Tout comme en France, les agitateurs, également vêtus de noir et cagoulés, venaient en partie de pays étrangers, en particulier de dictatures populistes d’Amérique latine que je m’abstiendrai de nommer.
Étonnamment, les mêmes types de révolte avec les mêmes méthodes ont éclaté en parallèle dans les autres démocraties d’Amérique latine, la Bolivie (ou le président s’est enfui au Mexique), la Colombie et l’Équateur.
Il apparaît donc clairement une volonté externe de déstabiliser ces démocraties pacifiques.
La police et l’armée (les Carabineros, l’équivalent de nos CRS) se sont trouvés désemparés face à l’extrême violence des manifestants, tout comme à Paris lors des premiers évènements des Champs Elysées, et admettent d’avoir sur-réagi. Les services de renseignements ont été particulièrement inefficaces, après avoir été progressivement décapités par les différents gouvernements qui ont suivi la dictature militaire, en réaction à un précédent excès de pouvoir de ces mêmes services. Le 25 novembre, le gouvernement obtient la collaboration des polices de Grande Bretagne, de France et d’Espagne pour y remettre un peu d’ordre et réorganiser les forces chargées du maintien de l’ordre.
La constitution de 1980, écrite par les militaires et largement réformée en 2005, semble être le point commun des contestations, dans un désir de plus de droits pour le citoyen. Tous les partis politiques sauf un s’étant mis d’accord pour proposer un référendum en avril prochain portant sur sa réécriture, la situation s’est progressivement calmée mais pas totalement, car le principal parti de la gauche dure, à l’origine de cette explosion de violence, n’a pas encore accepté les modalités de ce scrutin. Position difficile à soutenir, la population étant las de ces brutalités qui ne correspondent pas à l’esprit de ce pays. À un mois des vacances d’été et des pertes de salaires suites aux grèves à répétition, l’euphorie se confronte avec la réalité. Depuis début décembre, il n’y a plus aucun barrage ni pillage, les universités ont fermé en créant une forme d’examens virtuels pour passer à l’année suivante (tous promus !), les écoles organisent les rituelles remises des prix en grande pompe et uniforme, un peu comme en France dans les années ’50. Un plaisir pour moi de revivre ces traditions, les souvenirs profonds refont surface, parfois même les parfums, le verre de lait sur les bancs (Mendès France), les encriers, il ne manque que la plume Sergent Major.

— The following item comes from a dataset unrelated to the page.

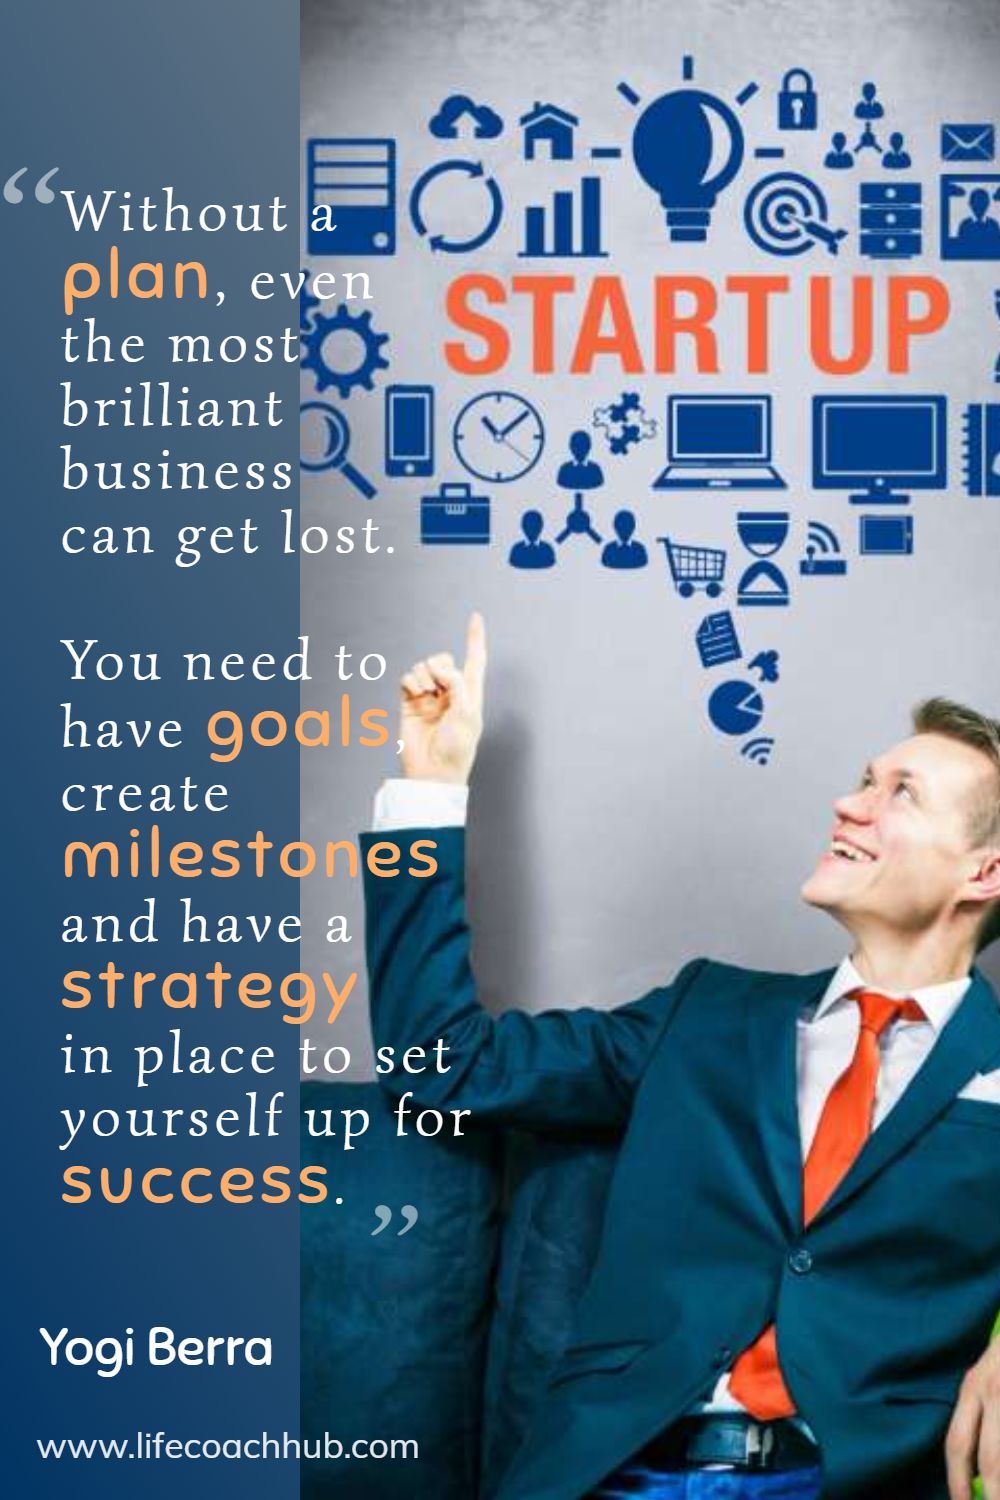 Without a plan, even the most brilliant business can get lost. You need to have goals, create milestones and have a strategy in place to set yourself up for success. Yogi Berra Coaching Quote

L’interview d’une artiste pop « engagée », Mon Laferte, au sujet des interventions policières du 18 octobre, est assez significative du niveau de provocation et de l’impuissance du gouvernement (La Cuarta du 25/11) : « Est-ce qu’il te semble que mettre le feu à un supermarché, qui est couvert par une assurance, qui est une entreprise multinationale millionnaire, est plus importante que la vie des gens ? Que cela vaut la peine de faire intervenir les militaires dans la rue pour réprimer le peuple pour un bien matériel ? Pour un bien que l’on nous a volé pendant toute la vie ? ». Une vieille rhétorique marxiste-léniniste centenaire aujourd’hui totalement anachronique. Et pour conclure son intervention incendiaire, elle ajoute « Il y aurait beaucoup de cas où cette même police et ces mêmes militaires furent ceux-là mêmes qui mirent le feu ». Et n’a pas hésité à exhiber sa belle poitrine lors de la cérémonie des Grammy avec l’inscription « Au Chili, on torture, on viole, on tue ». Dans notre pays, de telles affirmations auraient déclenché une arrestation immédiate, mais dans ce pays fondamentalement pacifique, le gouvernement se contente d’étudier « une éventuelle poursuite en justice ».